The invention content is as follows:
in view of the foregoing, there is a need for a hybrid charge polymer coating.
There is also a need to provide a hybrid charge polymer coating process.
A mixed charge polymer coating comprising an anionic monomer, a cationic monomer, and a solution for dissolving the anionic monomer, the cationic monomer.
Preferably, the mixed charge polymer coating is a surface grafting modification for improving the antibacterial performance of the material, and the antibacterial principle of the grafting modification comprises the following steps: (1) the surface of the polymer material is modified to exclude bacteria from being adsorbed to the surface of the material, so that the formation of a biological film is prevented from the source; (2) the bacteria are contacted through the antibacterial functional groups fixed on the surface of the polymer material to cause the death of the bacteria; (3) meanwhile, the surface of the polymer material is modified to exclude bacteria from being adsorbed to the surface of the material, so that the formation of a biological film is prevented from the source; and, the bacteria are killed by contacting the bacteria with the antibacterial functional groups immobilized on the surface of the polymer material.
Preferably, the solution is a mixture of water and an isopropanol solution, and the anionic monomer is an anionic monomer containing a polymerizable double bond.
Preferably, the cationic monomer is a cationic monomer having a polymerizable double bond.

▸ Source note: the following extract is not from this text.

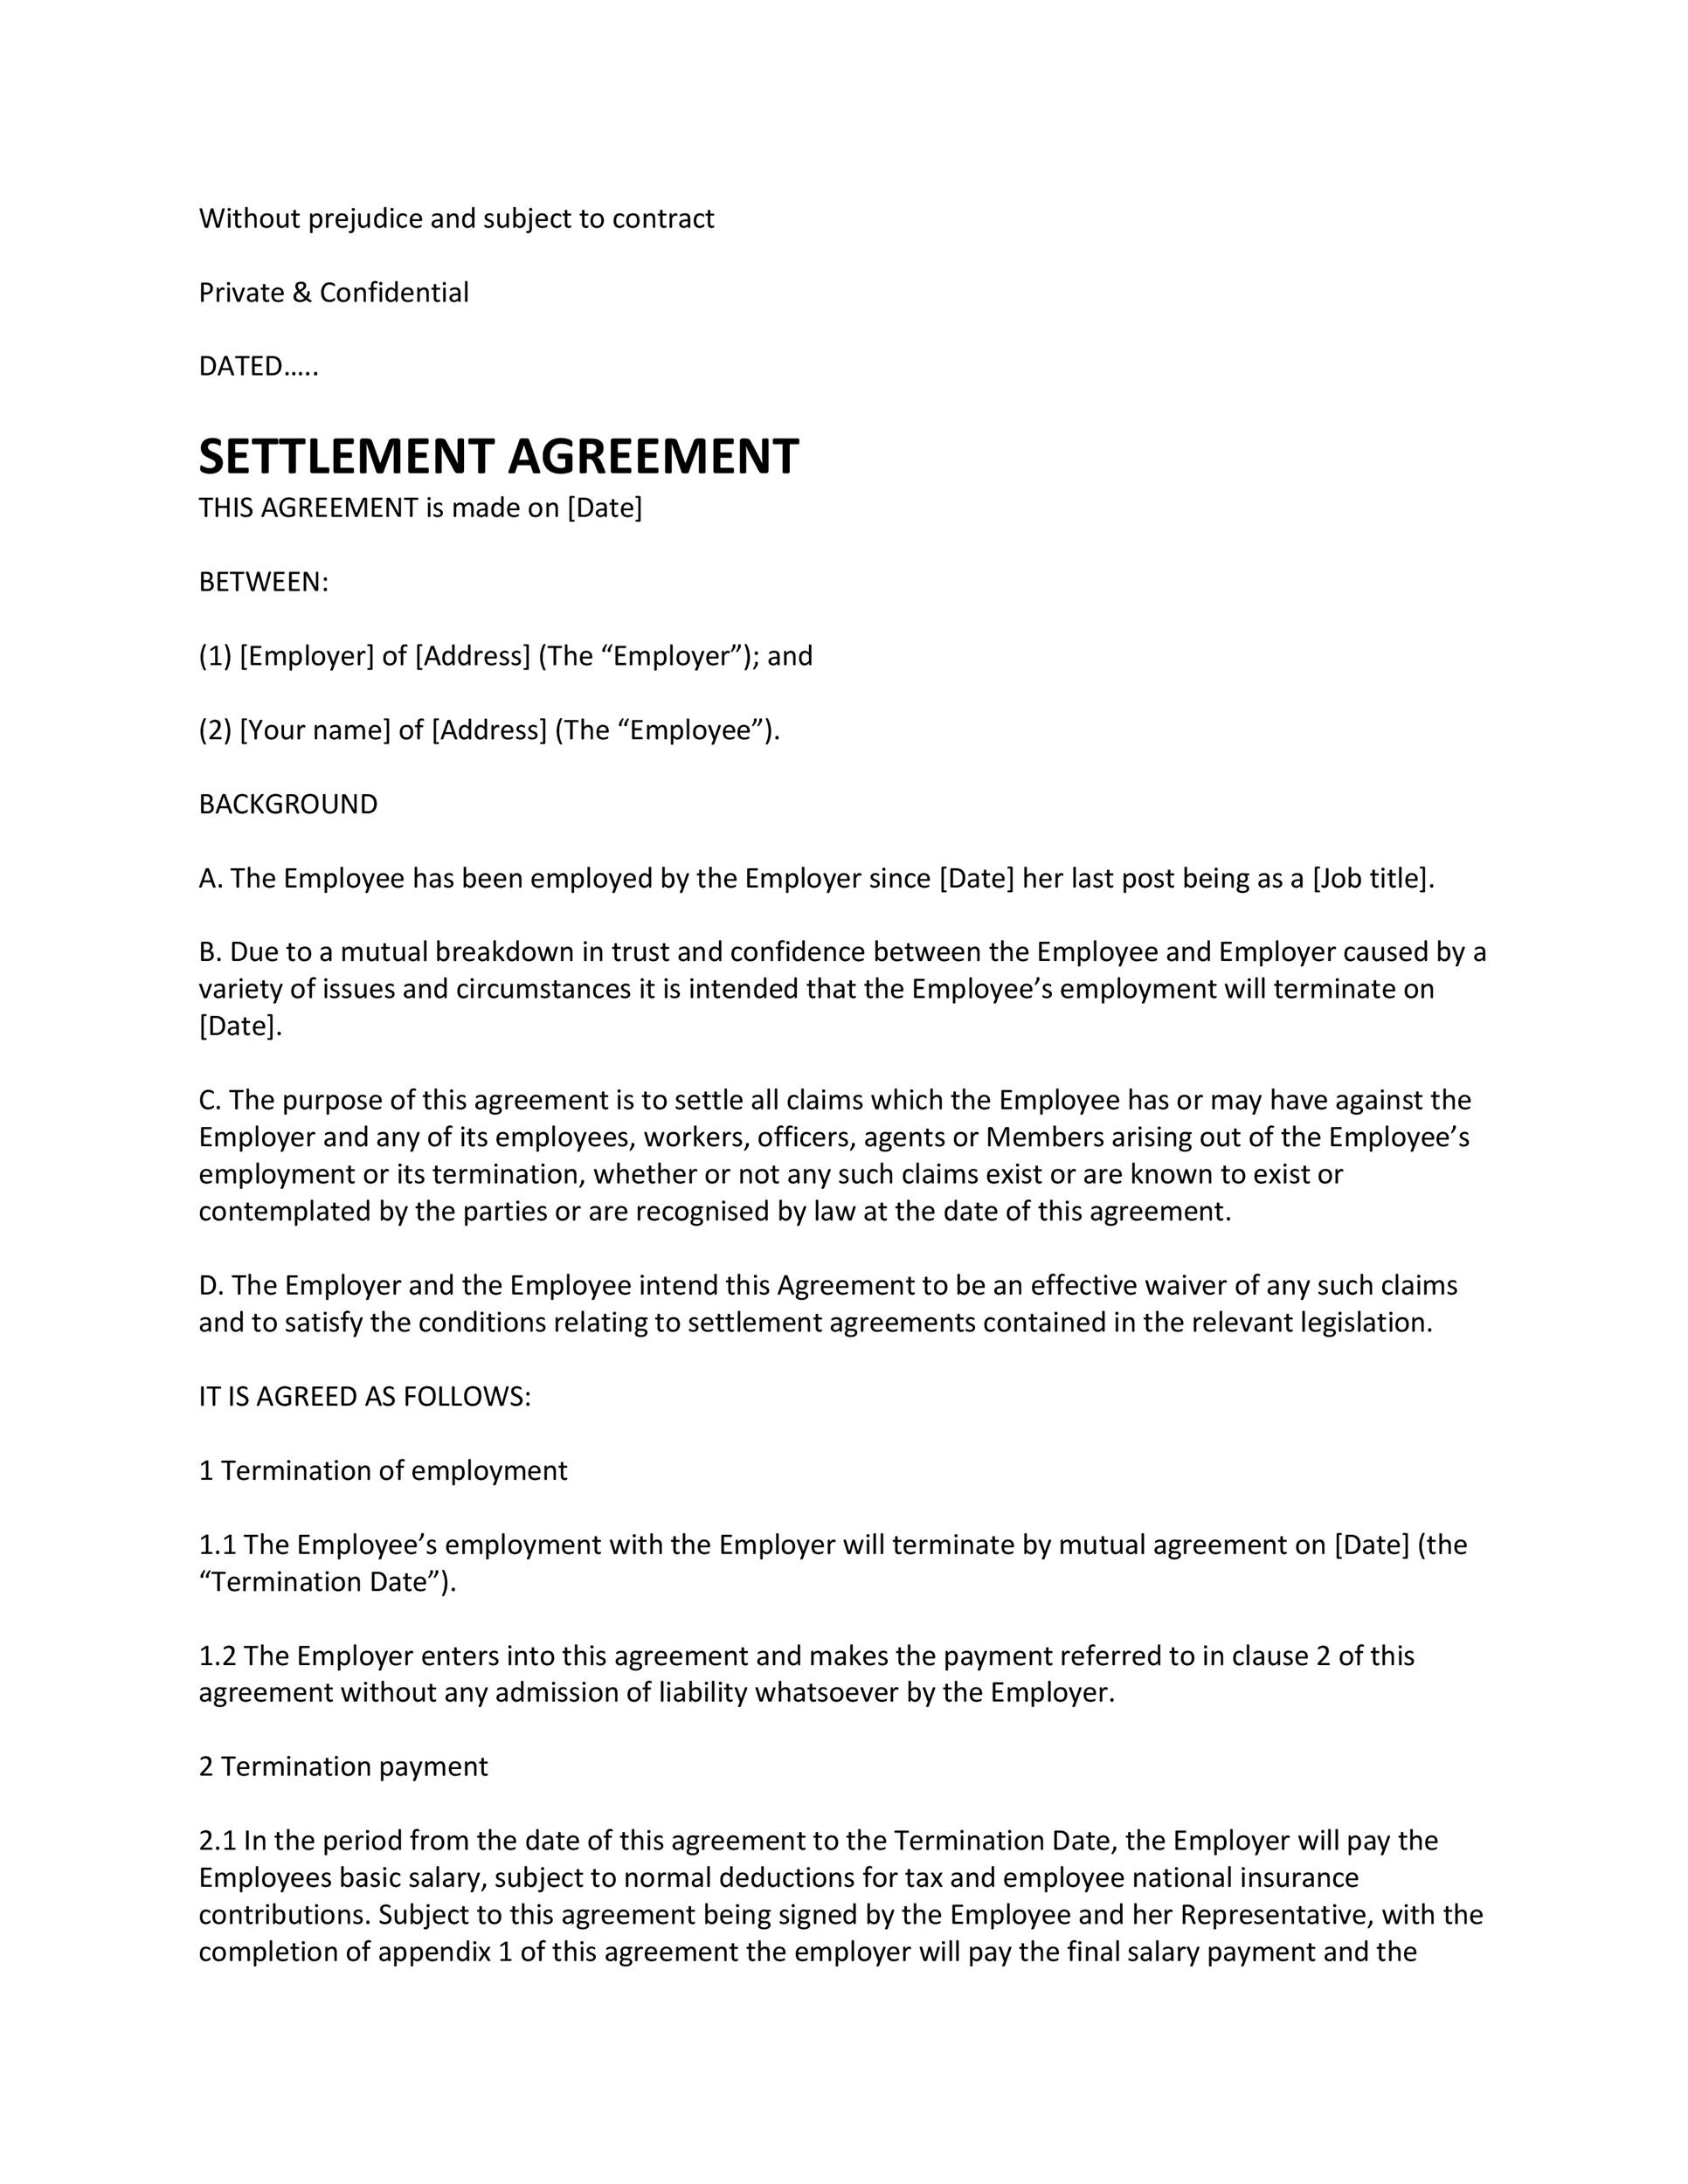 Sample Settlement Agreement Letter from templatelab.com

A hybrid charge polymer coating process comprising the following coating steps:
cleaning the surface of a polymer material to be grafted, and then carrying out vacuum drying treatment;
step two, after vacuum drying, using ozone gas to treat the surface of the polymer material;
step three, putting the polymer material treated by the ozone gas into a vacuum box for extraction to remove the ozone gas and the oxygen on the surface of the polymer material and diffused into the polymer material;
soaking the treated polymer material in a mixed solution of an anionic monomer and a cationic monomer, and introducing inert gas into the solution;
and step five, adding reducing ions to initiate polymerization reaction after introducing inert gas.
Preferably, in step one, the surface of the polymer material to be grafted is washed with methanol and distilled water, respectively.
Preferably, in the second step, after vacuum drying, the surface of the polymer material is treated with ozone gas, and then treated with an ozone generator.
Preferably, in the third step, the polymer material treated by the ozone gas is put into a vacuum box to be extracted so as to remove the ozone gas and the oxygen gas on the surface of the polymer material and diffused into the polymer material.
Preferably, the inert gas in the fourth step is preferably nitrogen or argon.
Preferably, in the fifth step, the added reducing ion is ferrous ion, preferably ammonium ferrous sulfate hexahydrate or ferrous sulfate, after the polymerization reaction at room temperature, the polymer material is taken out, the inner and outer surfaces of the polymer material are respectively and repeatedly cleaned by methanol and distilled water to remove unreacted monomers and non-grafted polymers, and the polymer material is dried in vacuum.
The mixed charge polymer coating provided by the invention is grafted to the surface of the polymer material, so that the antibacterial property of the polymer material can be effectively improved, and particularly, the antibacterial rates of the mixed charge polymer coating of anionic 3-sulfopropyl methacrylate potassium (SPM) and cationic (3-acrylamidopropyl) trimethyl ammonium chloride (AMPTMA) to methicillin-resistant staphylococcus aureus (MRSA BBA38) and pseudomonas aeruginosa (PAO1) after 30 days can respectively reach 99.98% and 99.89%.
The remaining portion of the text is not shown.